If you want to harvest seeds, you take off the ripe seed pods from early autumn, remove and dry the elongated black seeds and keep them dark and dry until the next year. To separate the seeds and pods from the seeds, it is best to put the seed pods in a bag, seal it and shake everything vigorously once.
Diseases and pests
Golden marigold, like all tagetes, is often used as a barrier for snails, but often falls completely victim to the annoying slime animals. Aphids are also common in the garden.
If the night temperatures permanently fall below 5 ° C / 41 ° F), the plant belongs in the house.
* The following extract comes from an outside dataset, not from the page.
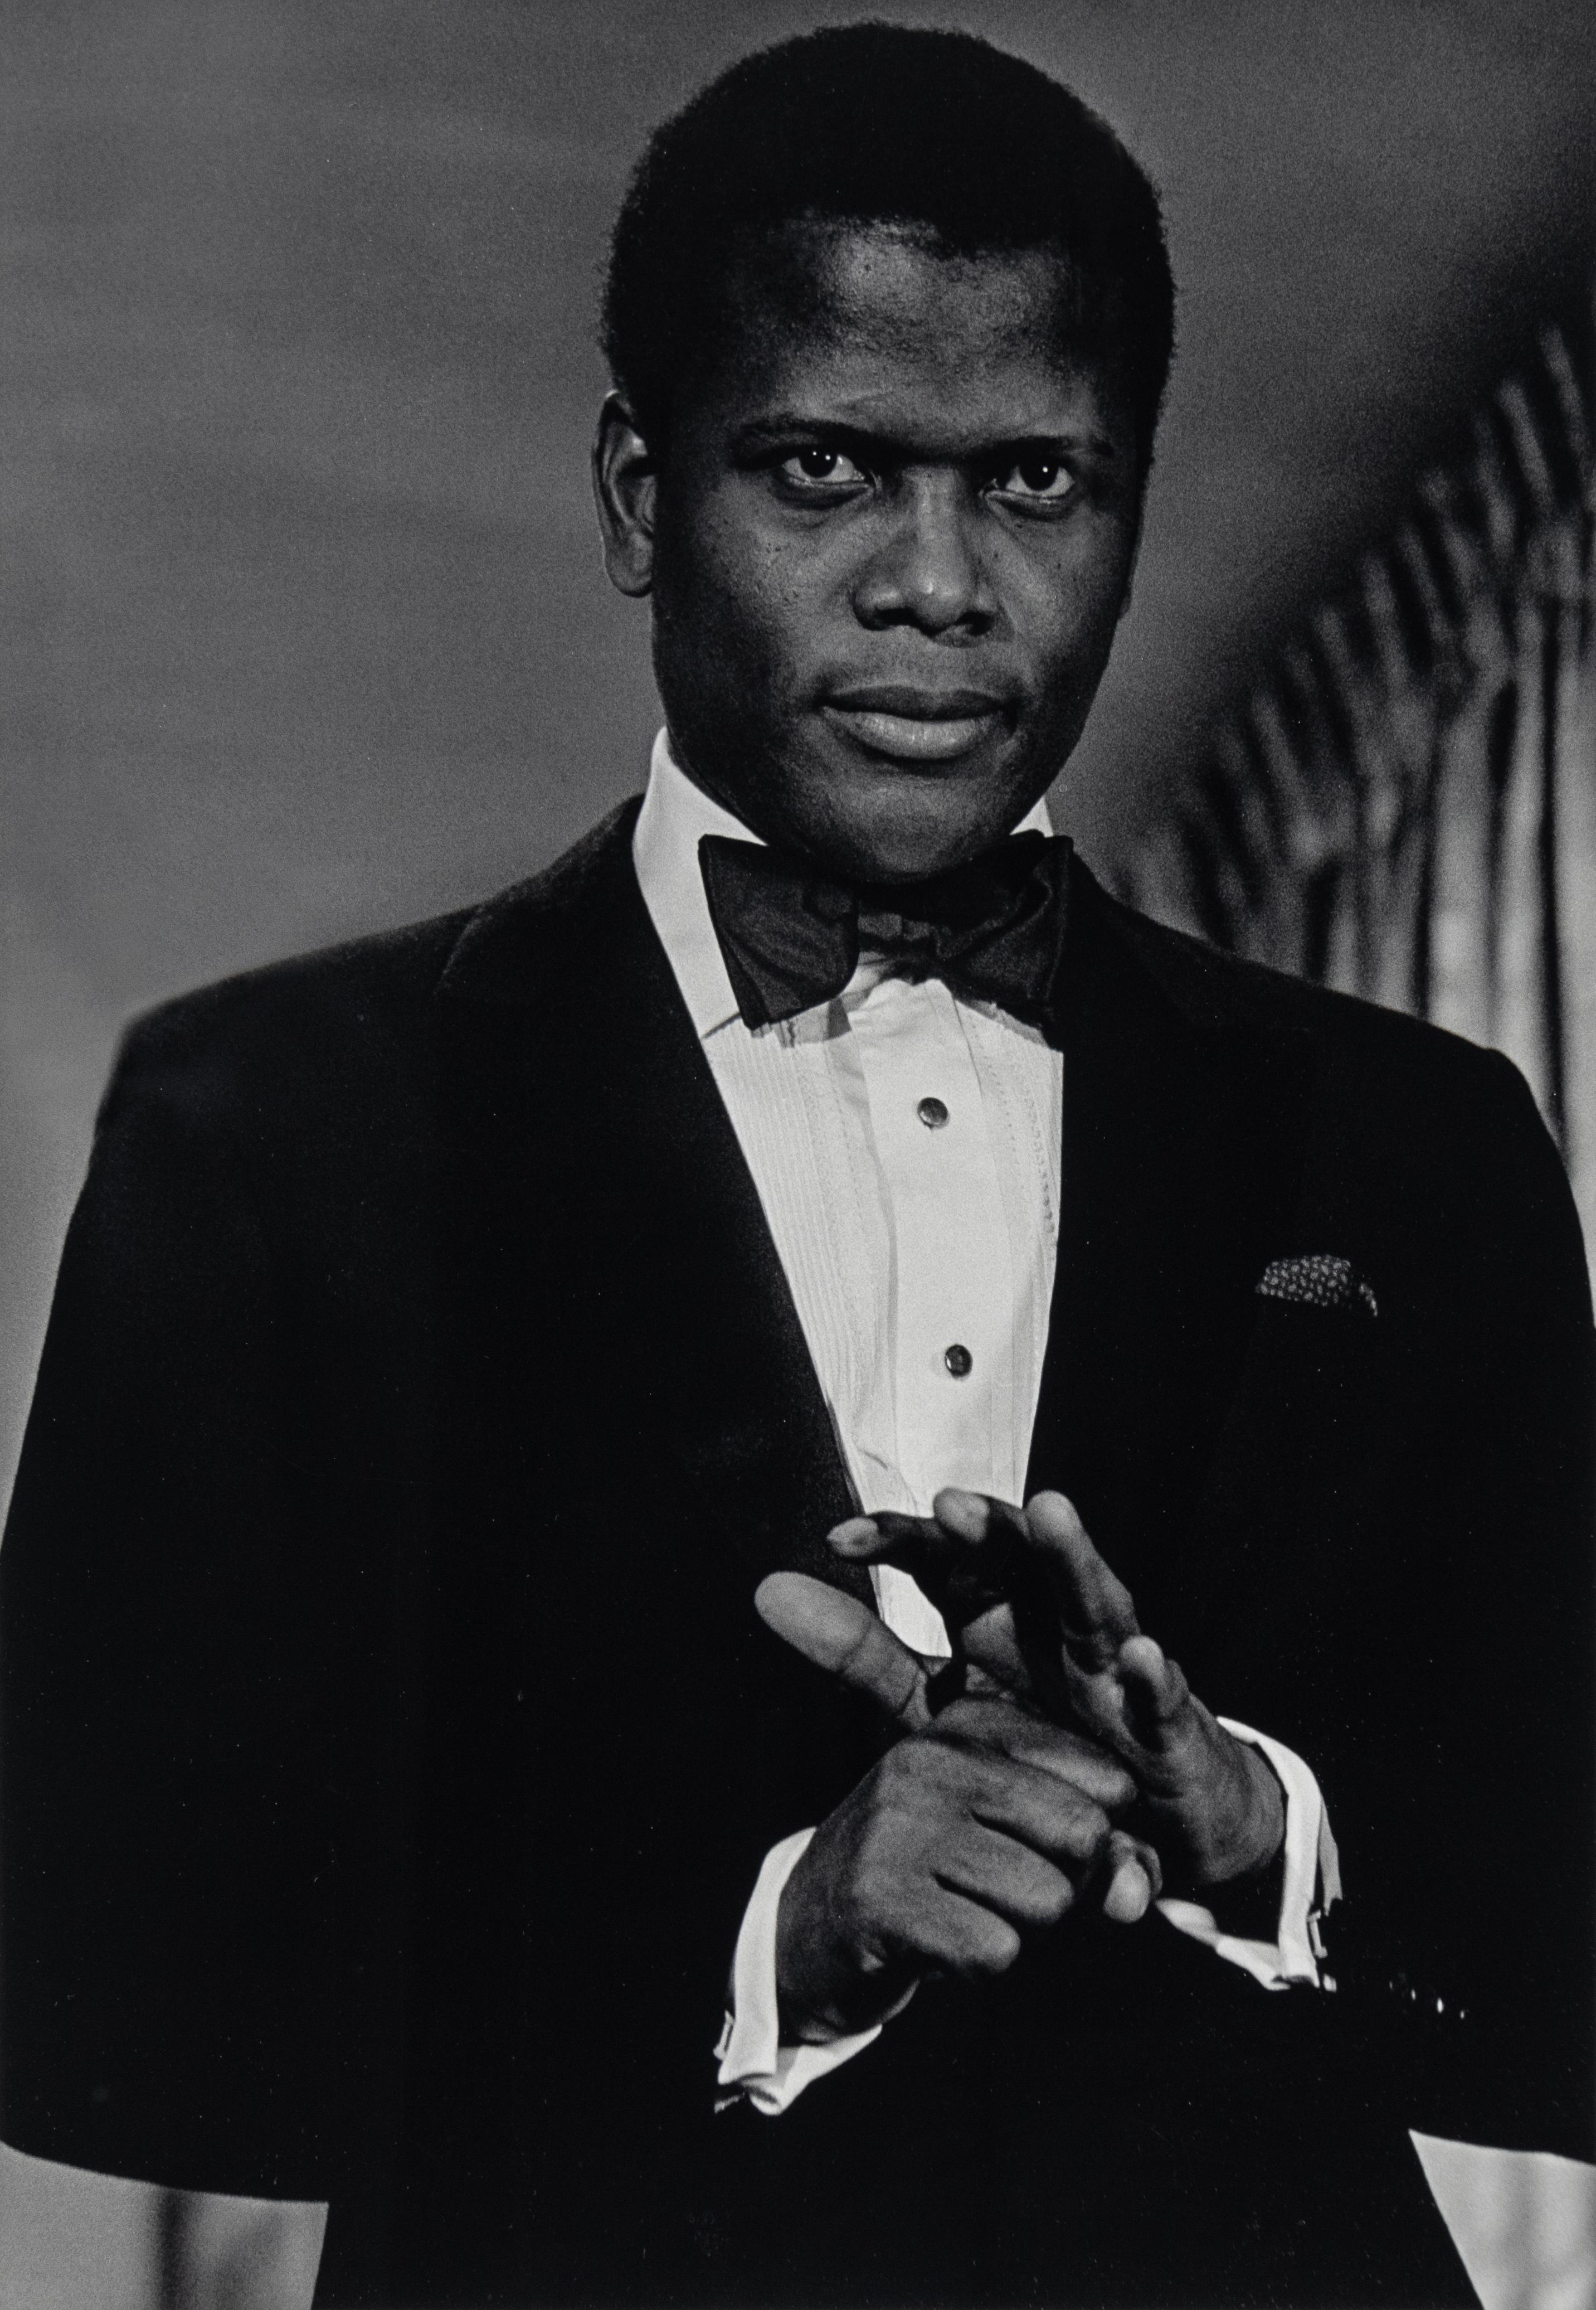 Sidney Poitier at the Oscars Where He Won Best Actor - Photograph by Bob Adelman

Place indoors in a cool room at 15 to 18 ° C / 59 to 64 ° F near a bright window (if possible on the south side) and keep it moderately moist.
Use of the golden marigold
Golden marigold in the kitchen
You can use the flowers, buds and young leaves. Freshly in jams, desserts, drinks, dessert sauces, fruit salads and of course for baking, wherever you would use orange or lemon peel. Dried it can be used for tea blends.
The leaves and edible flowers can be used like herbs fresh or dried as a pretty decoration and also eat. They have a special mandarin aroma. They go well with all desserts, soups, risotto, potato dishes or sauces, in jams, drinks, dessert sauces, fruit salads and of course for baking, wherever you would use orange or lemon peel.
Golden marigold as a medicinal herb
The flowers of the medicinal plant contain the substance lutein, which belongs to the carotenoids and to protect against age-related macular degeneration (AMD), an eye disease. The essential oil obtained from the flowers is also said to have a mood-lifting effect.
Golden marigold can be used for these ailments and diseases
- age-related macular degeneration (AMD)
- mood elevator
Ask your doctor or pharmacist. Visiting this page can not replace the visit to the doctor. For serious or unclear complaints, consult your doctor.